The most complex protein knot currently known is formed by the backbone of α-haloacid dehalogenase DehI (27). DehI is a bacterial enzyme hydrolyzing carbon–halogen bonds and is therefore capable of biodegrading environmental pollutants such as herbicides and pesticides (37). The crystal structure of DehI has been known since 2008 (37) but it was only in 2010 that its Stevedore’s knot (61 in knot tables) structure was recognized (27). Fig. 2 shows the results of the knotting analysis of all linear subchains within the crystal structure of DehI. The elementary square in the lower left-hand corner with coordinates (1,310), shows that the entire protein forms the 61 knot. However, when smaller subchains are considered, these form 41 (figure-eight) and 31 knots. It may seem surprising that subchains of a protein, which as a whole forms the 61 knot, can result in the formation of other nontrivial knot types.

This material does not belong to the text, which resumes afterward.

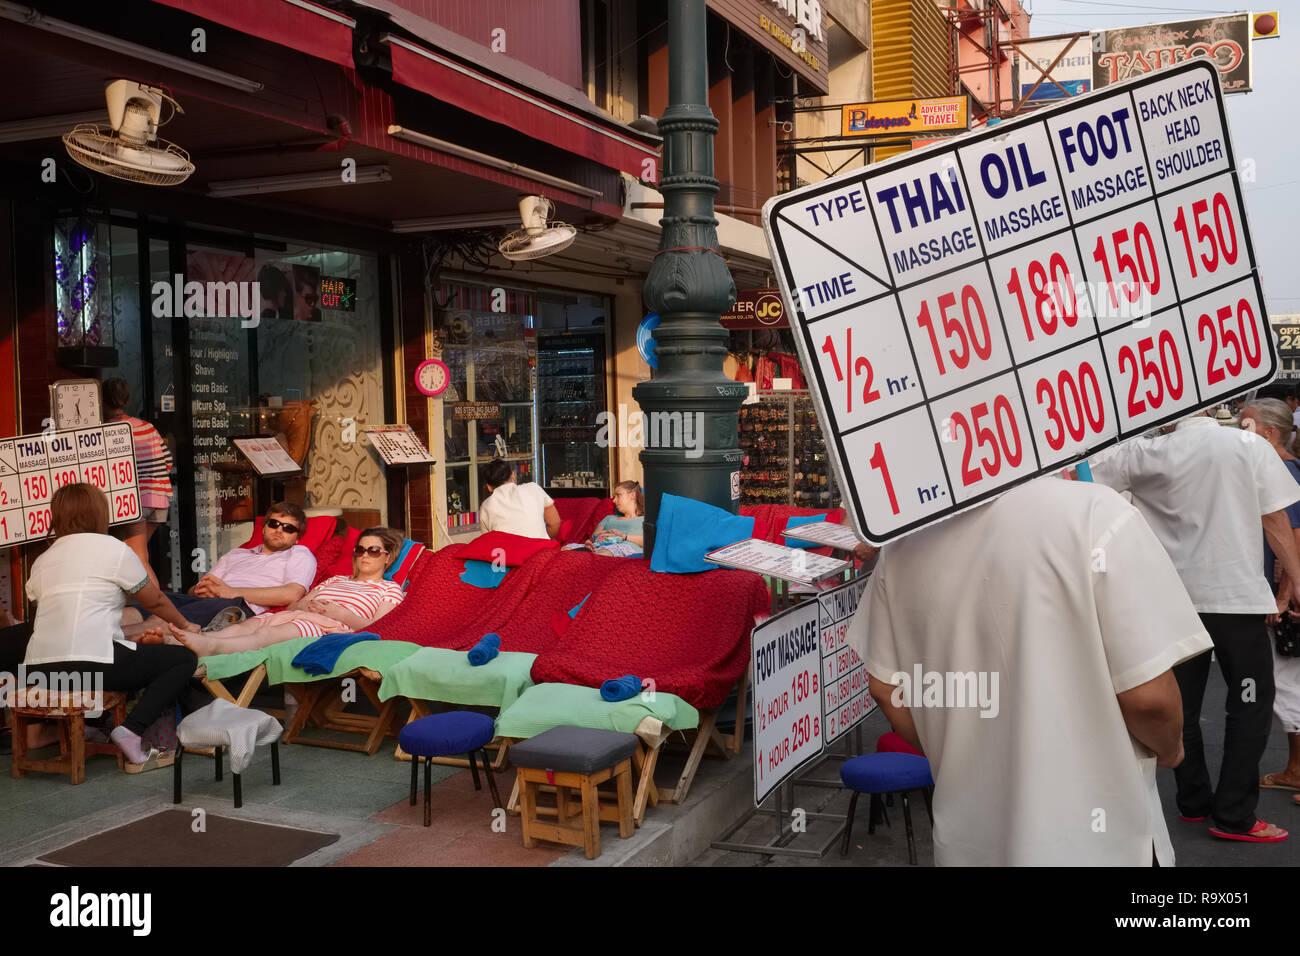 sesso massaggio in Kuta

Therefore, let us explain how this knotting pattern occurs. Fig. 2B shows, in schematic form, the essential geometric features of the entire DehI protein backbone and its relevant subchains. Drawings representing the protein subchains resulting from progressively clipping the C terminus are placed above the entire protein in positions that indicate the corresponding protein subchains in the matrix presented in Fig. 2A. The first of these drawings shows that as the C terminus of DehI is clipped progressively, one reaches a point where the remaining C-terminal part no longer pierces the internal loop (indicated by pink in Fig. 2B). Closures of such fragments result in the formation of 41 knots. Further clipping of the C terminus results in fragments that no longer pierce the second internal loop (indicated by black in Fig. 2B). The resulting protein fragment forms an unknot but this fragment in fact is a trefoil slipknot, which can be converted to a real trefoil knot by some clipping of its N terminus (see the 31 knot in Fig. 2B). The uppermost left drawing presents a protein fragment that, as a result of further C-terminal clipping, is no longer a slipknot because it does not contain any subchains forming nontrivial knots.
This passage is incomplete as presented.